(EXERCISE DATA Opens)

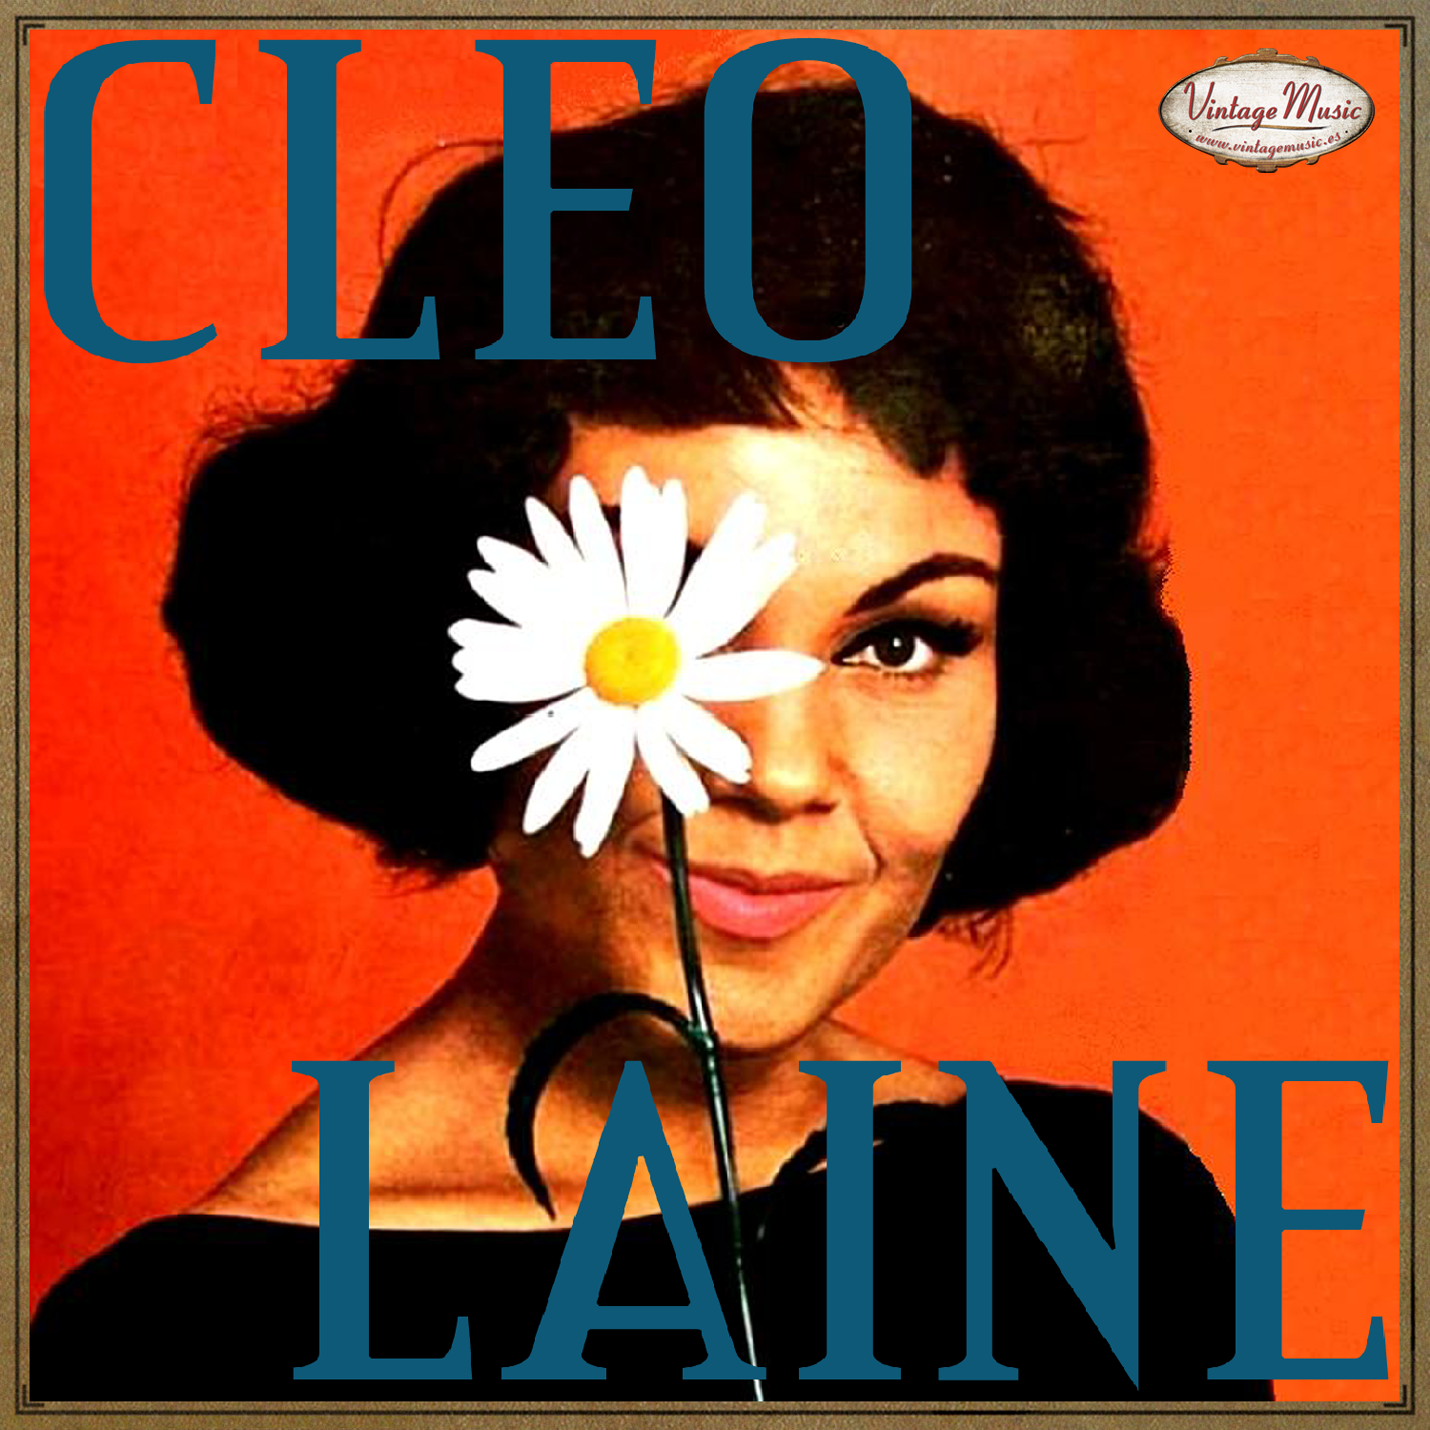 Cleo Laine (Colección Vintage Music)
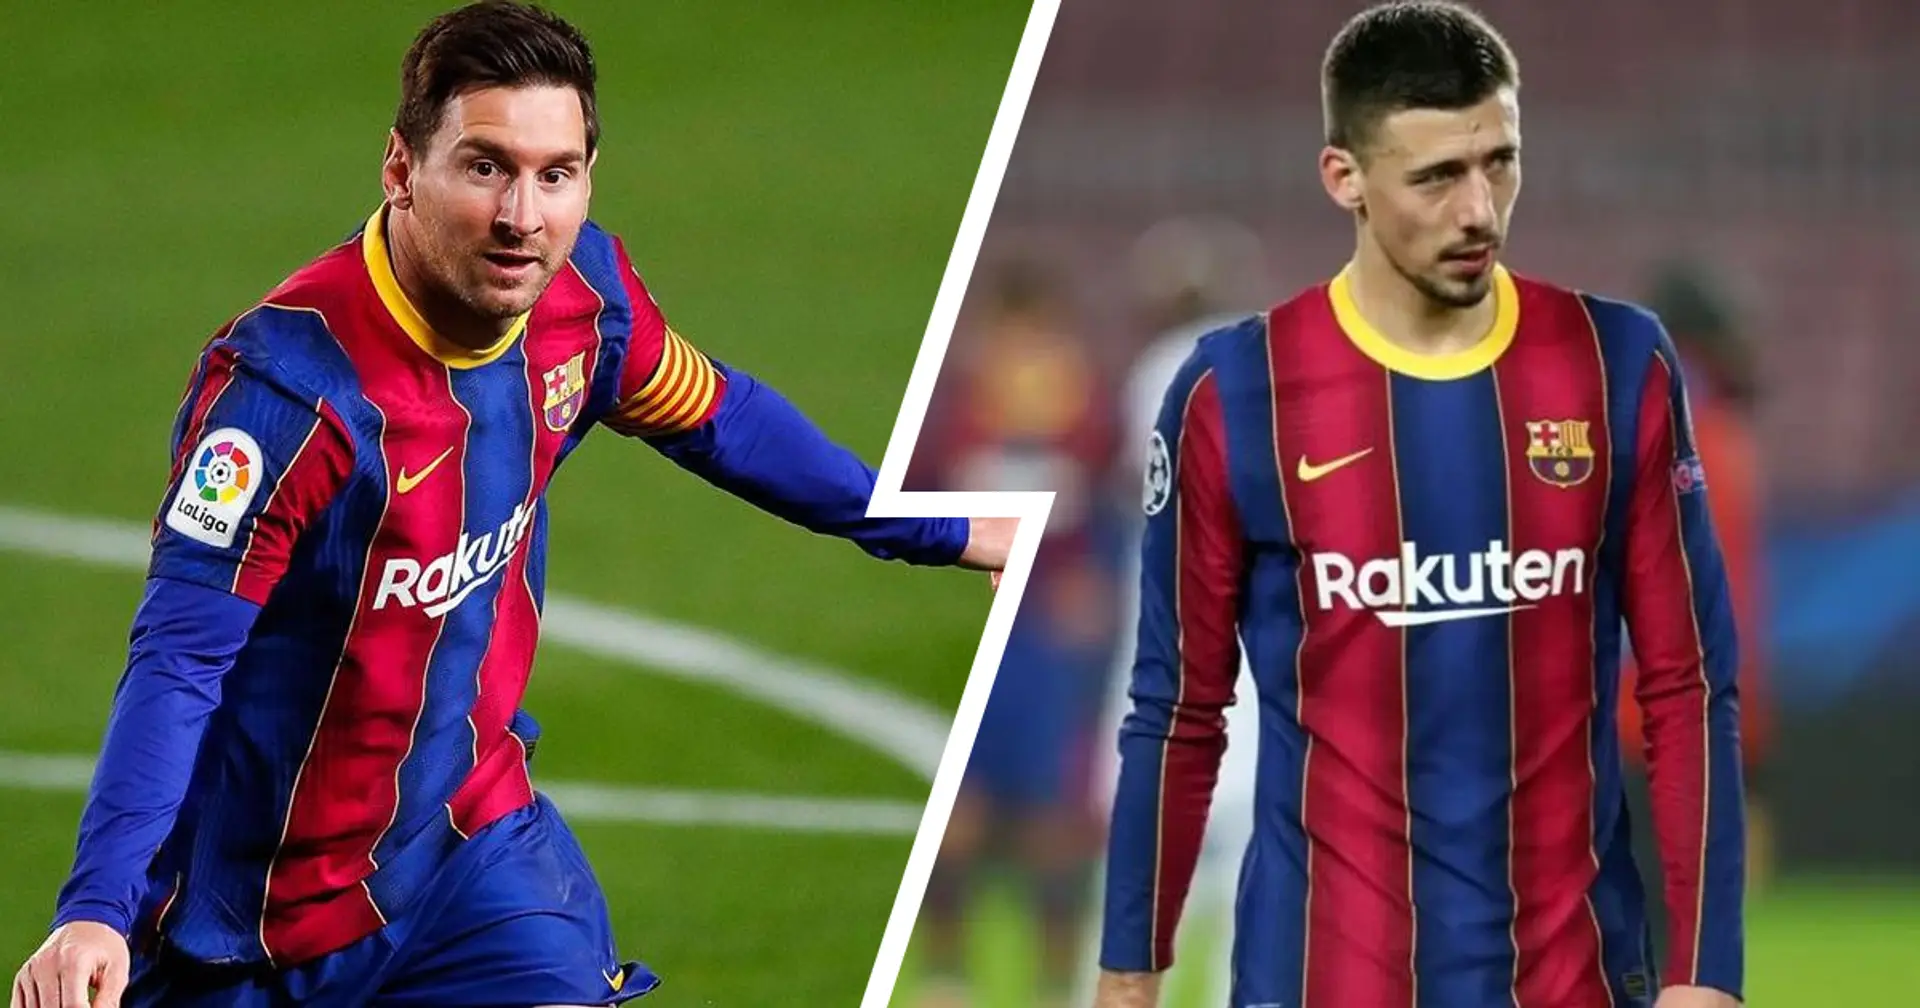 Messi 10, Lenglet 3: notas de los jugadores del Barça vs Getafe
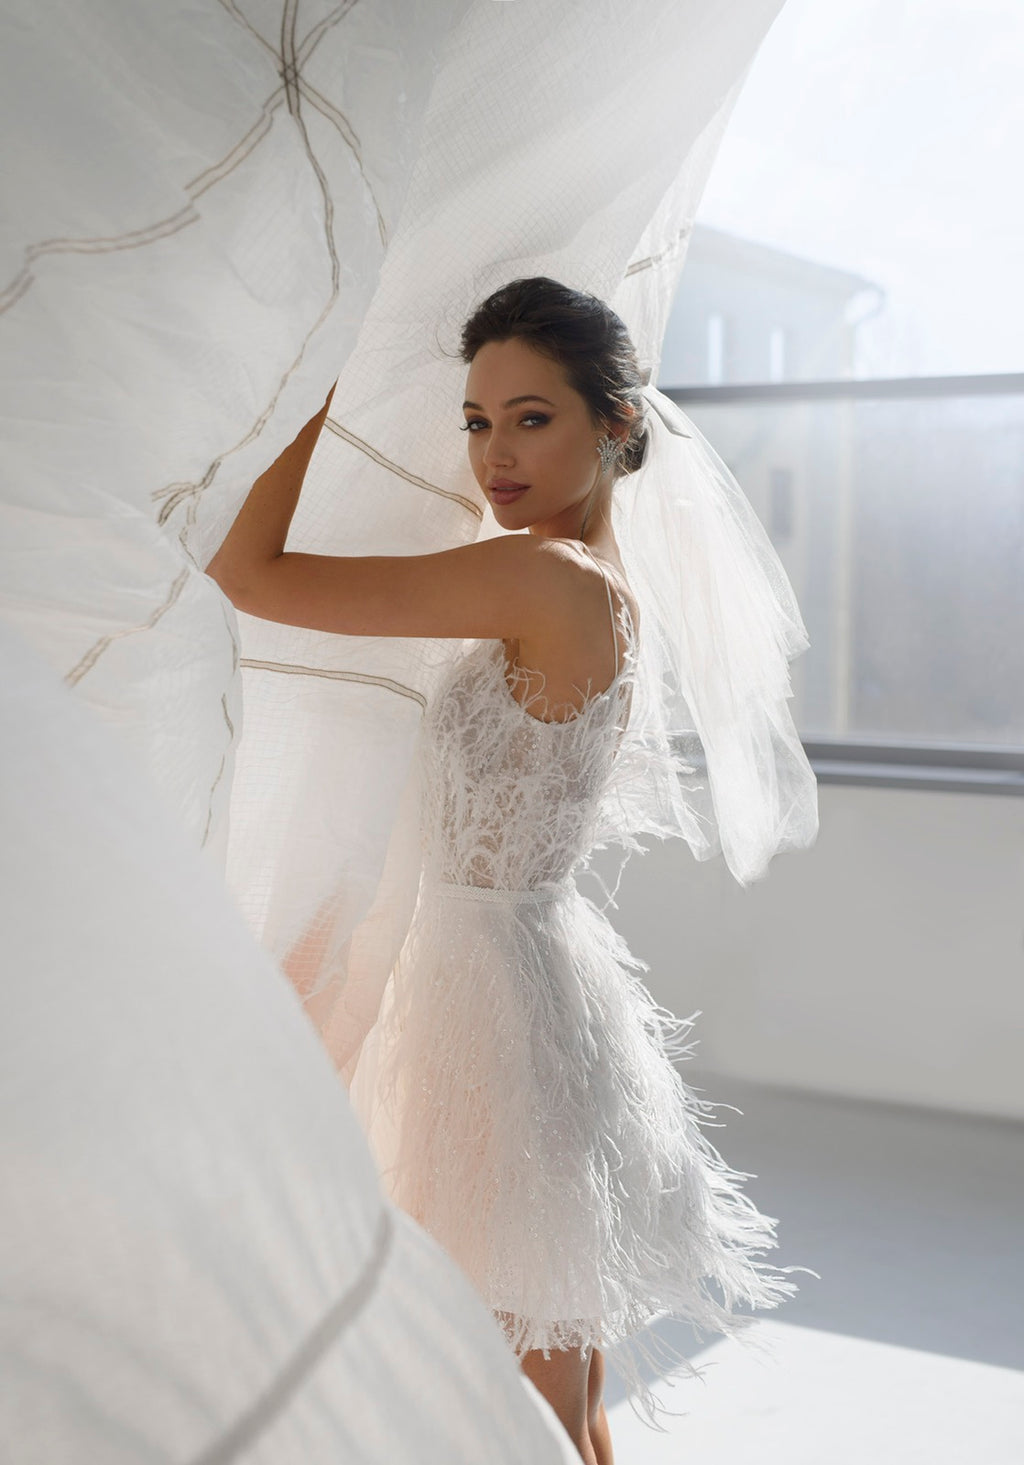 Short wedding dress online. Wedding dress with feathers. Short wedding dress
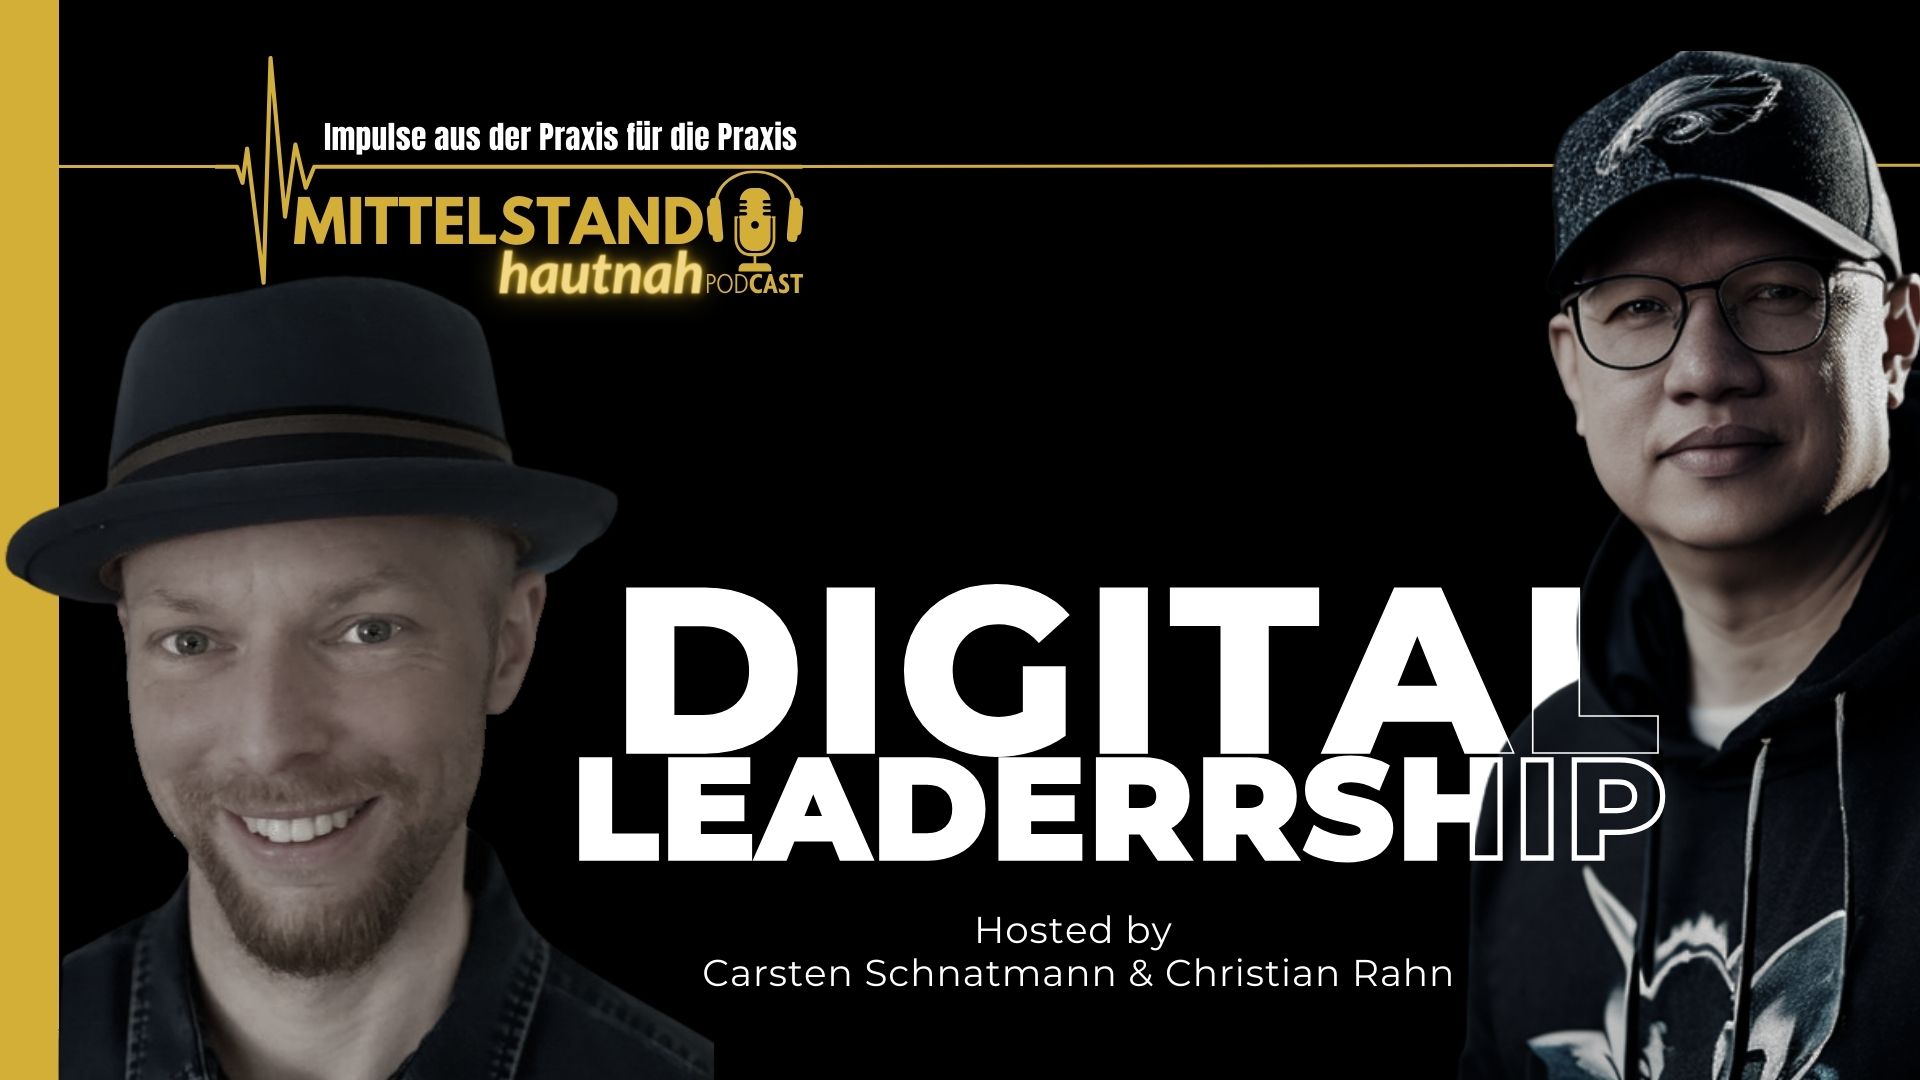 Podcast Mittelstand hautnah digital leadership

(EXERCISE DATA Closes)

From the line containing "Short wedding dress online." to the final line above, both included, transcribe every line exactly and leave all pictures out.

 Short wedding dress online. Wedding dress with feathers. Short wedding dress
 Podcast Mittelstand hautnah digital leadership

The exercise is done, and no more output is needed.